Vespula austriaca is an obligate parasitic wasp, parasitizing the nests of other species in the genus Vespula in the Old World. Its common host species include V. rufa in Europe, Japan, and East Siberia.V. austriaca wasps pollinate orchids.

In some literature, V. austriaca is mentioned under the common name "Cuckoo wasp", but this should not be confused with the family Chrysididae, which have the same common name.

==Taxonomy and phylogeny==
Vespula austriaca is a member of the family Vespidae. The genera Vespula and Dolichovespula are thought to be closely related and are considered sister groups. Their similarities include absences of strong seta on third segment of labial palpus, smaller scutal lamella, and a characteristic twisted pedicel in embryonic nests.

The Nearctic population formerly considered as belonging to V. austriaca has been recognized as a separate species, Vespula infernalis.

==Description and identification==
Vespula austriaca is an obligate social parasite, and is quite similar in appearance to other Vespula species.

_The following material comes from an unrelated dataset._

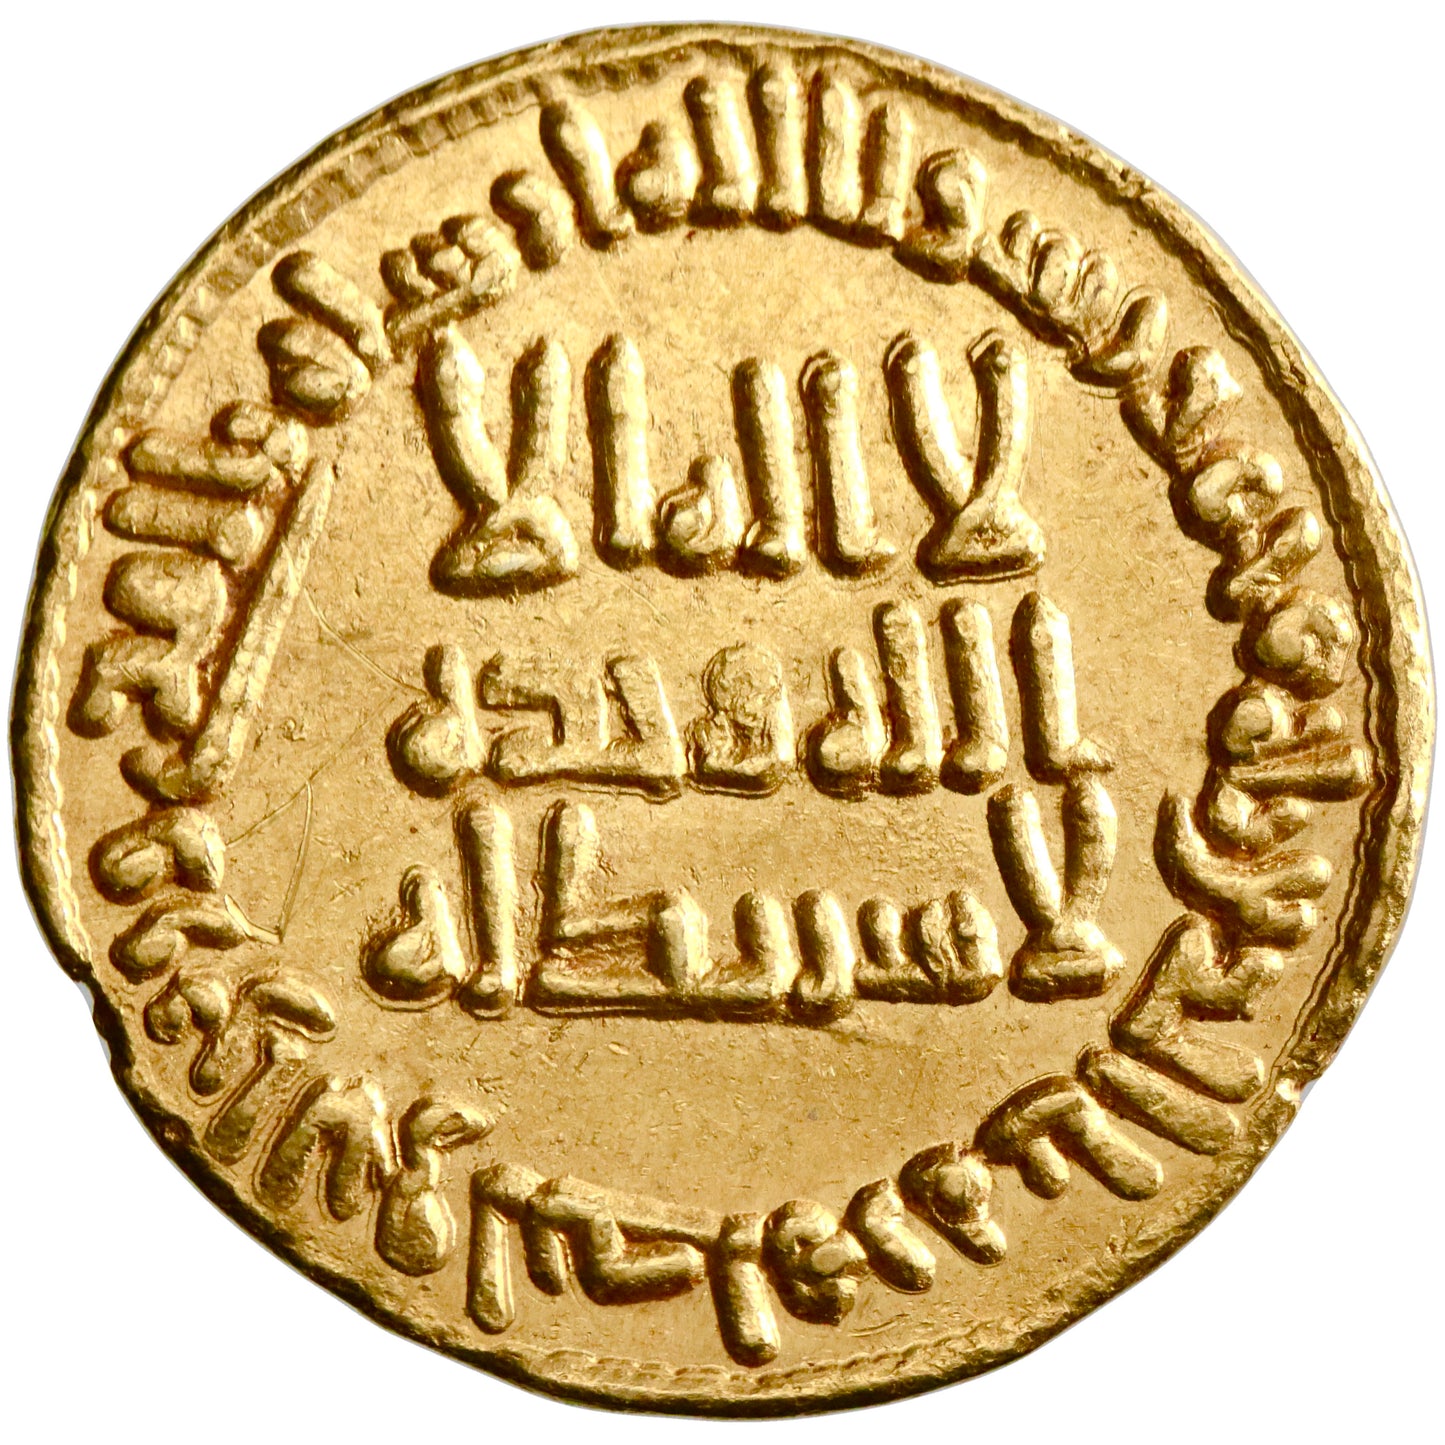 Umayyad, al-Walid I ibn 'Abd al-Malik, gold dinar, AH 95

The male abdomen is longer with thick lateral black bands while the female abdomen is wider with fewer lateral black bands and black dots.

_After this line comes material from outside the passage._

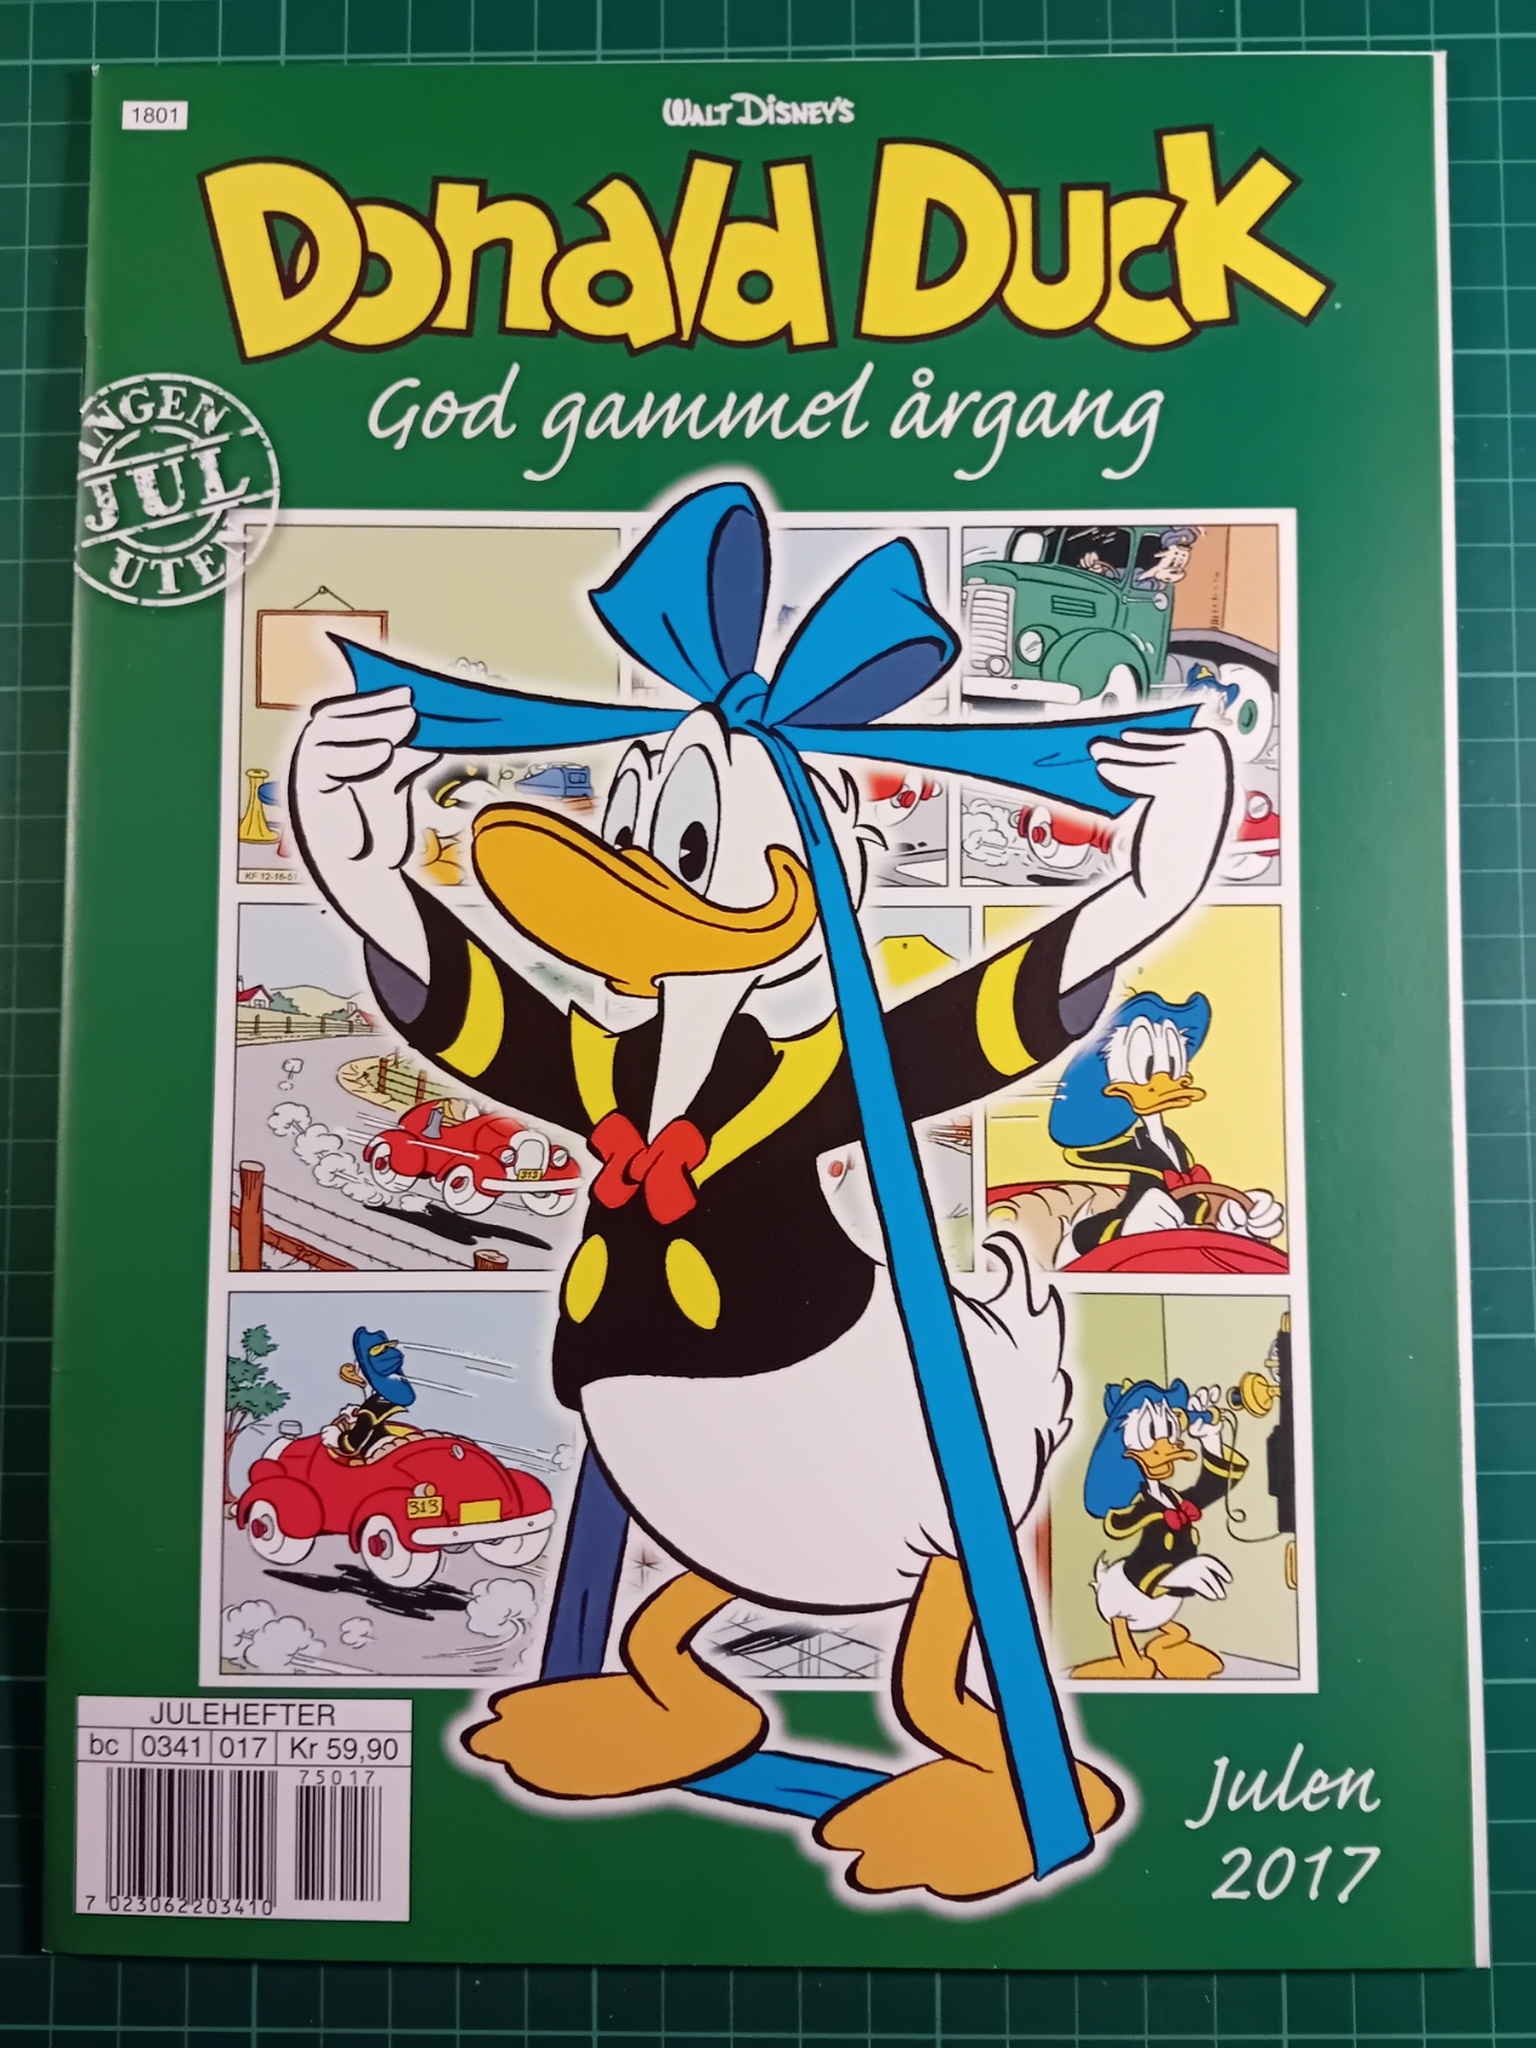 Donald Duck God gammel årgang 2017

==Distribution and habitat==
Vespula austriaca is found in the Palearctic region, from Europe to Kamchatka, Japan, northwest China, Turkey, northern Pakistan, and northern India. In Europe, V. austriaca is most common in Ireland and Scotland.

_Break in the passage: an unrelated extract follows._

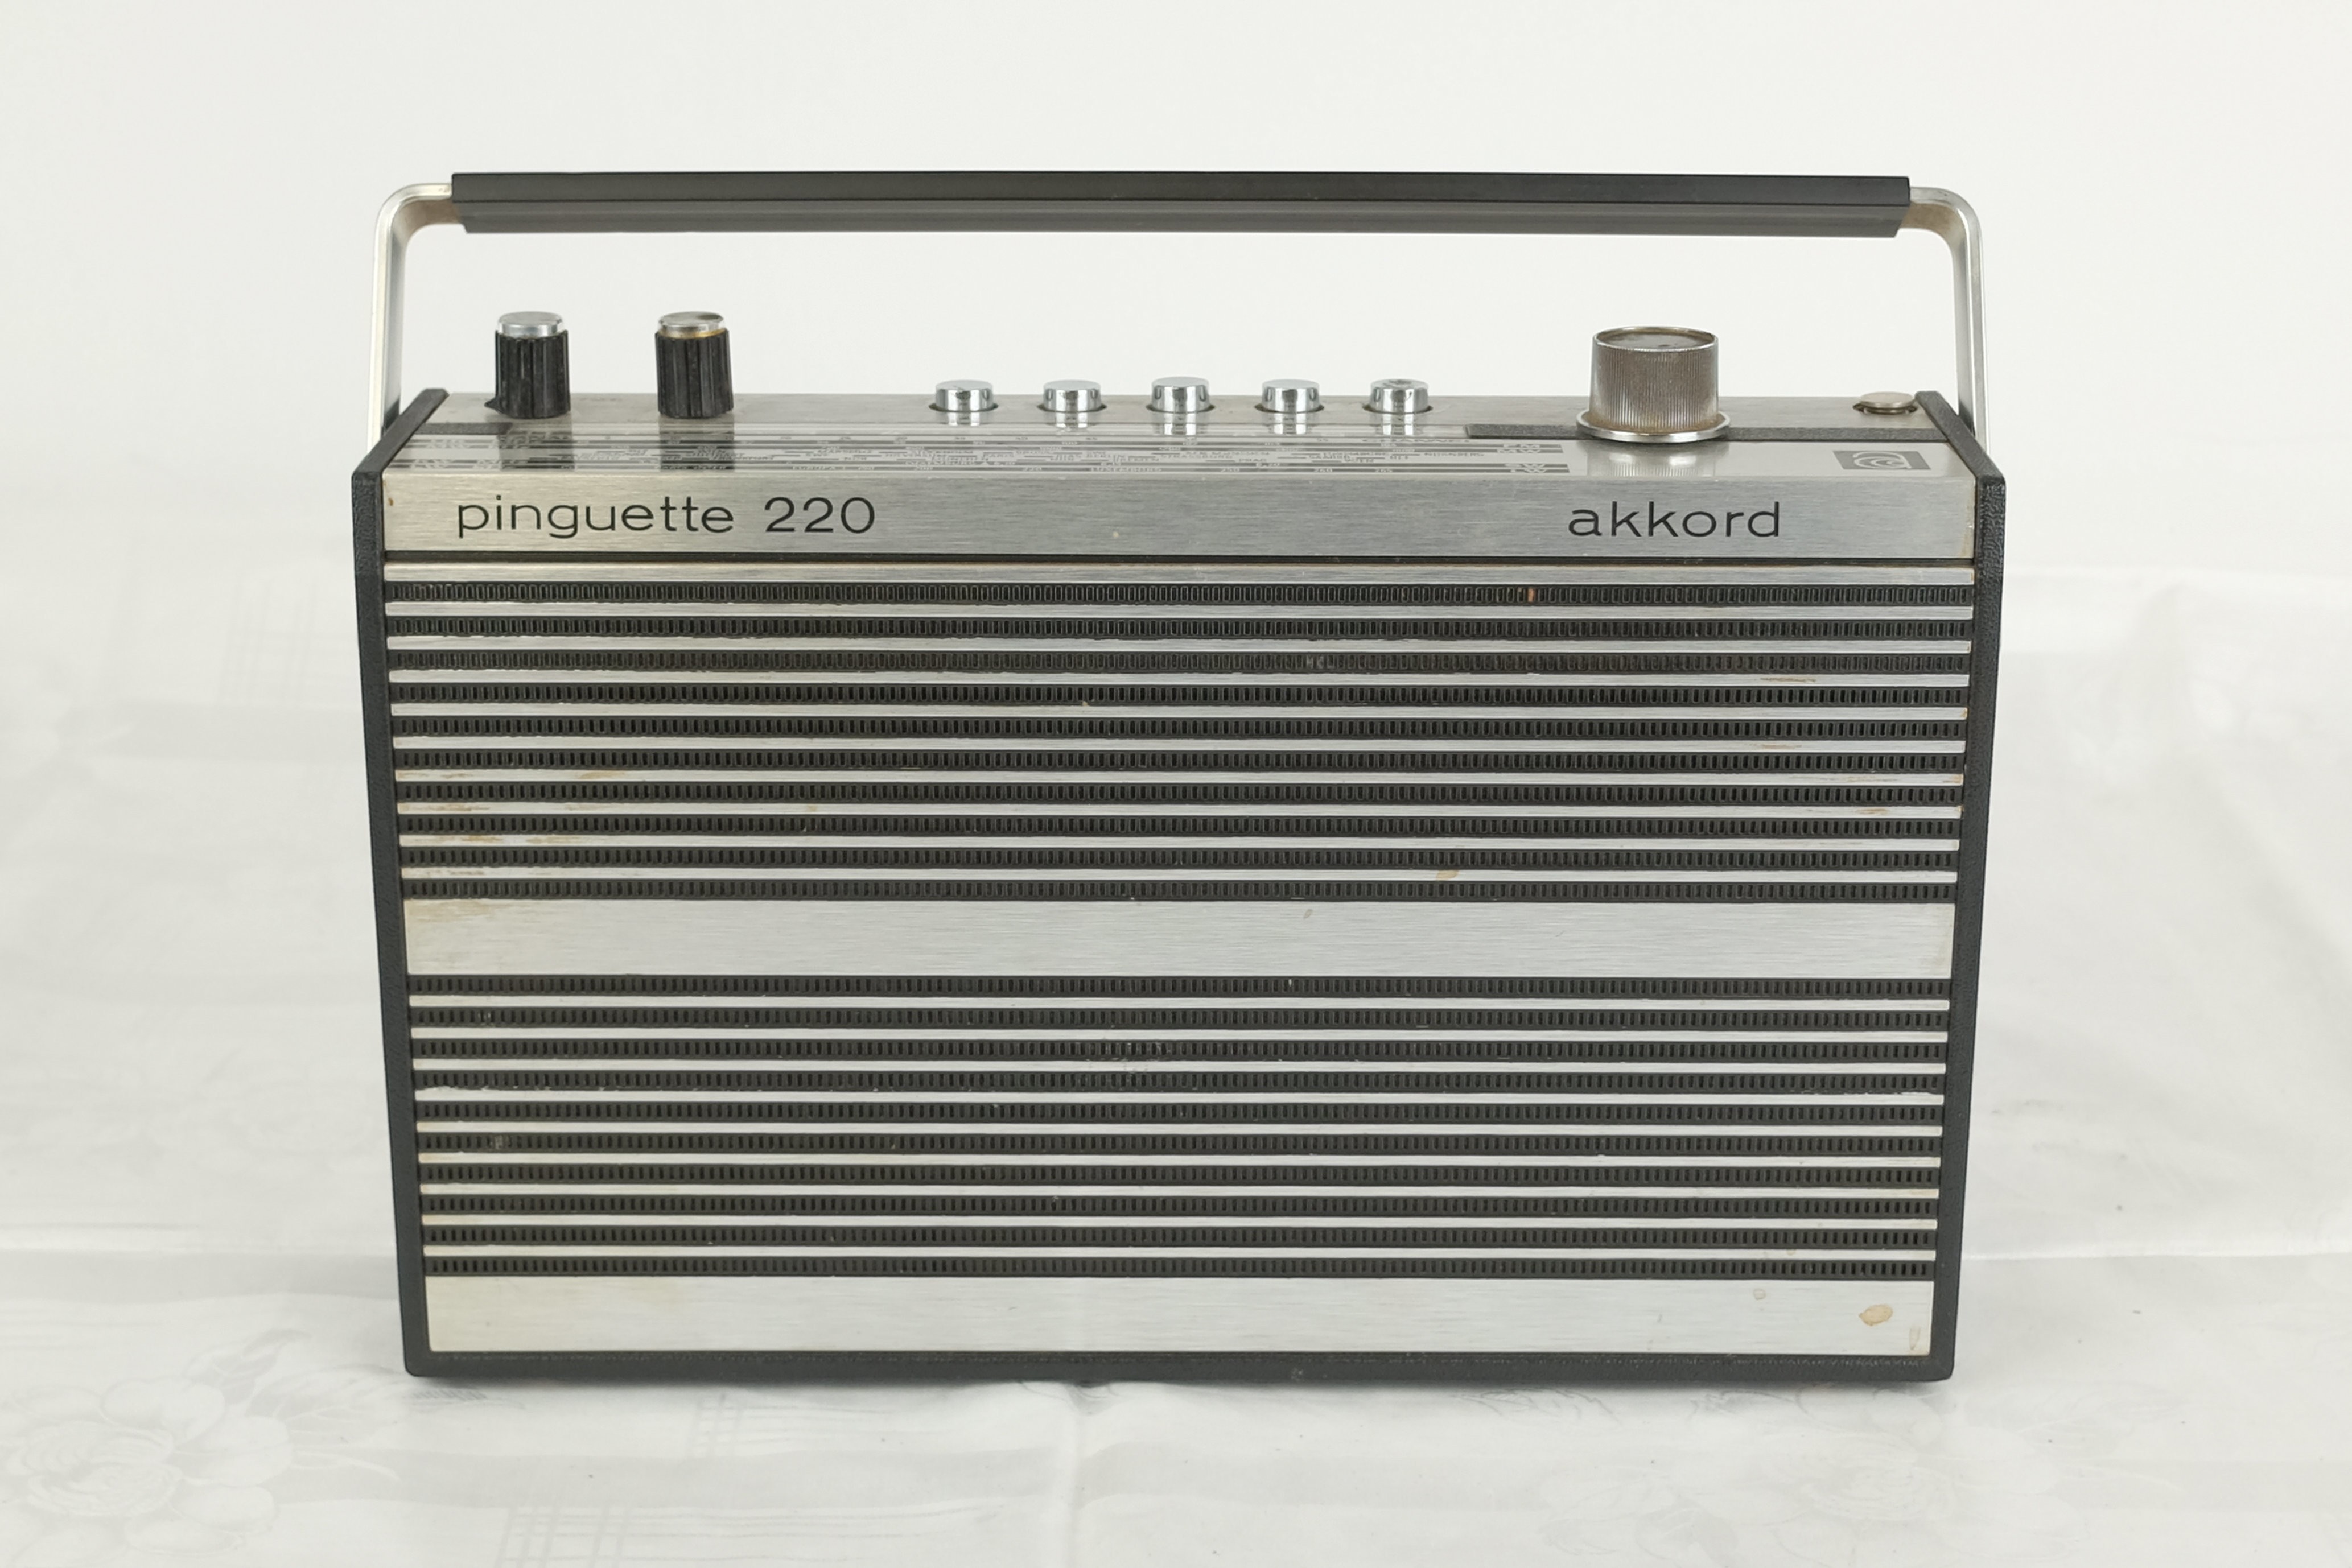 Kofferradio Akkord pinguette 220 (Volkskunde- und Freilichtmuseum Roscheider Hof CC0)

As an obligate parasite, these wasps do not build their nests. As a result, the queens hibernate longer than their host queens. This ensures that the nests will be ready when they leave their hibernation spots.

==Colony cycle==
Vespula austriaca is known as a labour parasite. Its lifestyle depends on invading and usurping other colonies. First, females kill the queens of the host colony and force the host workers to care of their offspring. Also, V. austriaca wasps lack a worker caste and the ability to build their own nests. These wasps have very short seasons, with flight periods from June to mid-July and August to mid-September.

==Parasitic behaviour==
Vespula austriaca takes advantage of hosts such as Vespula rufa from East Siberia, Europe, and Honshû Japan.

==Diet==
Vespula austriaca larvae obtain nutrients from insects and spiders brought to them by the host workers.

==Human importance==
Vespula austriaca is not itself considered a pest, but one of its hosts, Vespula rufa, is a pest because it frequently enters buildings. Considered a nuisance, one Vespula austriaca wasp was found in a shipping container.

==Reproduction==
Vespula austriaca does not produce any workers. Instead the queens lay eggs that eventually produce more queens and male adults.